Я нахлобучила ее на голову.
Когда грузовик исчез из моих глаз где–то вдали, я приподняла своей забинтованной рукой козырек кепки и поклялась себе так или иначе покончить с этой историей прежде, чем встречусь с Жаном, а потом – пусть Бог будет мне свидетелем – я помогу Жану стать миллиардером, ему и его другу Батистену Лавантюру, даже если для этого мне придется всю свою жизнь работать сверхурочно. Авиньон.
Солнце все еще светило прямо мне в глаза. Я увидела зубчатые крепостные стены, начало длинной улицы, вдоль которой тянулись террасы кафе, а флаги, вывешенные по случаю 14–го июля, образовали бесконечный пестрый туннель. Я тащилась за машинами, которые ехали в два ряда, то и дело останавливаясь.

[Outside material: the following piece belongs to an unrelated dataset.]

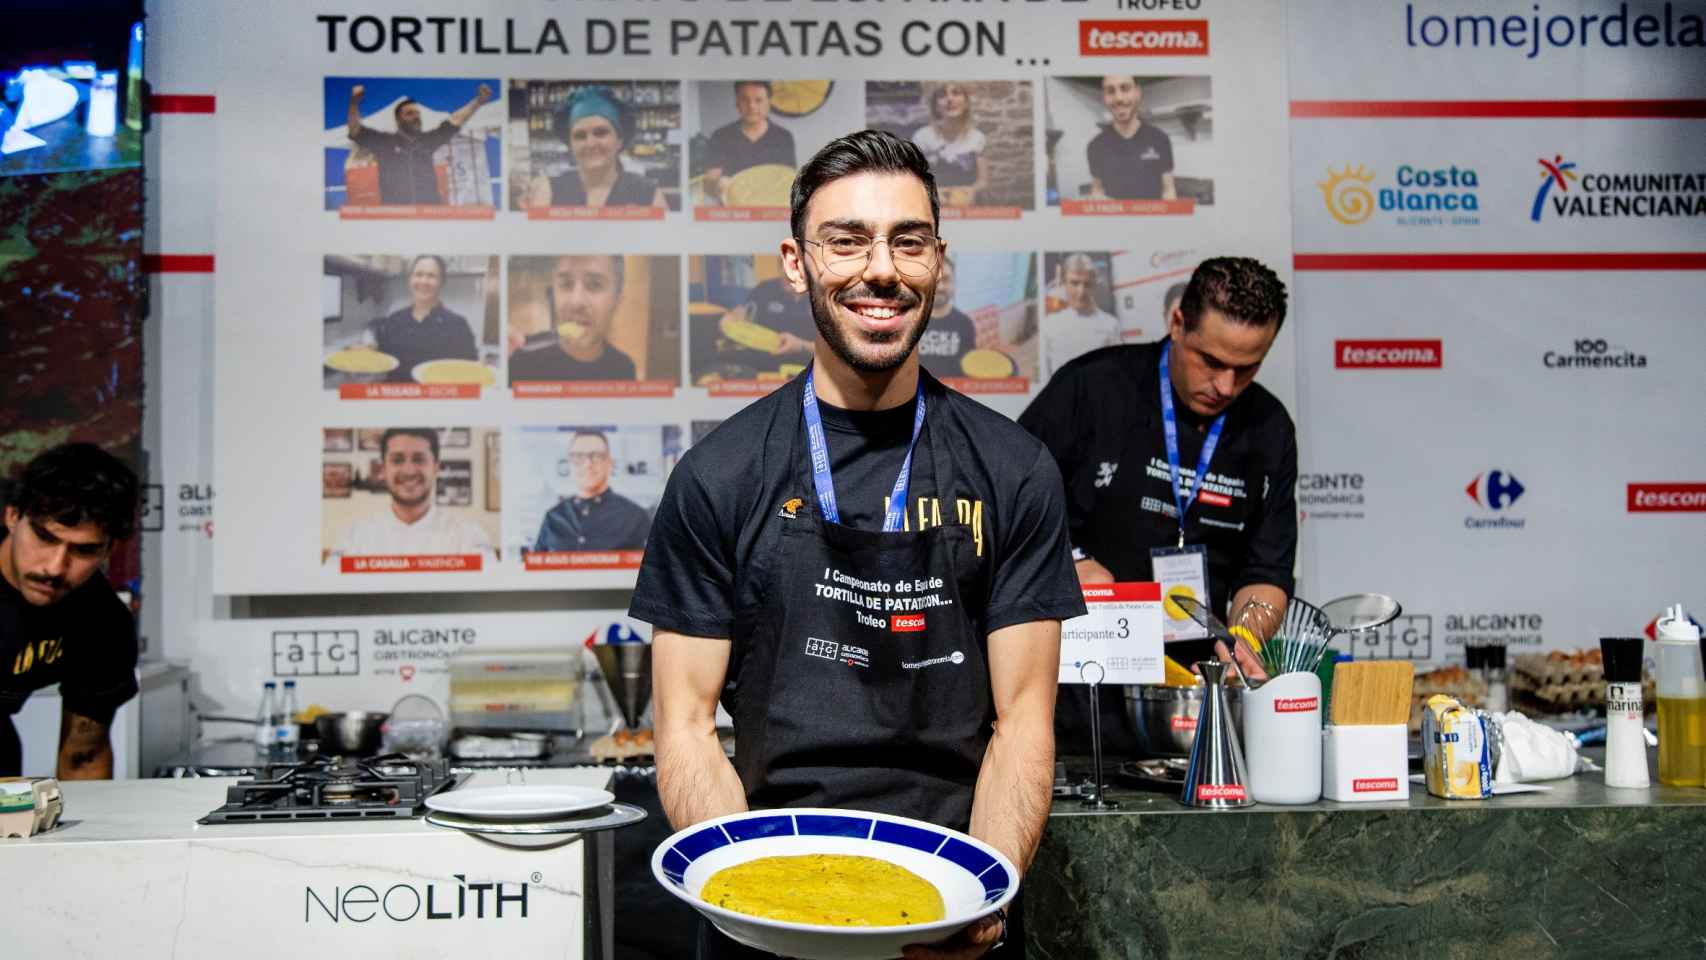 Alejandro Oliveira de La Falda con la tortilla ganadora

Разглядывала разноязыкую толпу на тротуарах – немцы, англичане, американцы – всех можно было отличить по виду, загорелые руки и ноги, нейлоновые платья, такие прозрачные, что женщины казались голыми. Приятная тень, когда я проезжала мимо домов, чередовалась с беспощадным солнцем… Где я.
Матушка, куда я попала?
Бульвар Распай выходил на эту же улицу, слева. Пока я поворачивала, машины за мной устроили настоящий концерт. Я забыла имя хозяина гаража, что назвала по телефону молодая женщина из Аваллона–Два–заката, и запомнила только, что он находится на этом бульваре. Я проехала метров триста, попеременно вглядываясь в обе стороны бульвара. Наконец над воротами, выкрашенными в канареечный цвет, я увидела вывеску: «Венсан Коты, концессионер «Форда», машины любых иностранных марок». Рядом находилась гостиница «Англетер», у подъезда которой какая–то парочка с таким трудом извлекала из своей спортивной машины чемоданы, что собака с обвислыми ушами прервала свою прогулку, чтобы полюбоваться этим зрелищем.
Я остановилась у гаража. У ворот какой–то мужчина вынимал камеру из покрышки. Он взглянув в мою сторону, увидел «тендерберд» и, когда я вышла из машины, встал, разогнул спину и сказал с сильным провансальским акцентом:
– Неужели опять поломка? Не может быть! Я подошла к нему, держа сумку в правой руке, с кепкой на голове, в мятом костюме, который прилип к моему вспотевшему телу, подошла, стараясь не думать о том, какой у меня жалкий, растерянный вид. Это был человек небольшого роста, в спецовке на застегнутой до самого верха молнии, с выцветшими, почти желтыми глазами и густыми светлыми взлохмаченными бровями. Я спросила:
– Вам знакома эта машина?
– Знакома ли она мне? Да она находилась у нас две недели, мы перебрали весь мотор. Мало машин мне знакомы так же хорошо, как эта, уж поверьте мне. Что же теперь не ладится?
– Ничего, все в порядке.
– Может, не тянет?
– Да нет. Я хотела спросить… Вы знаете хозяина этой машины?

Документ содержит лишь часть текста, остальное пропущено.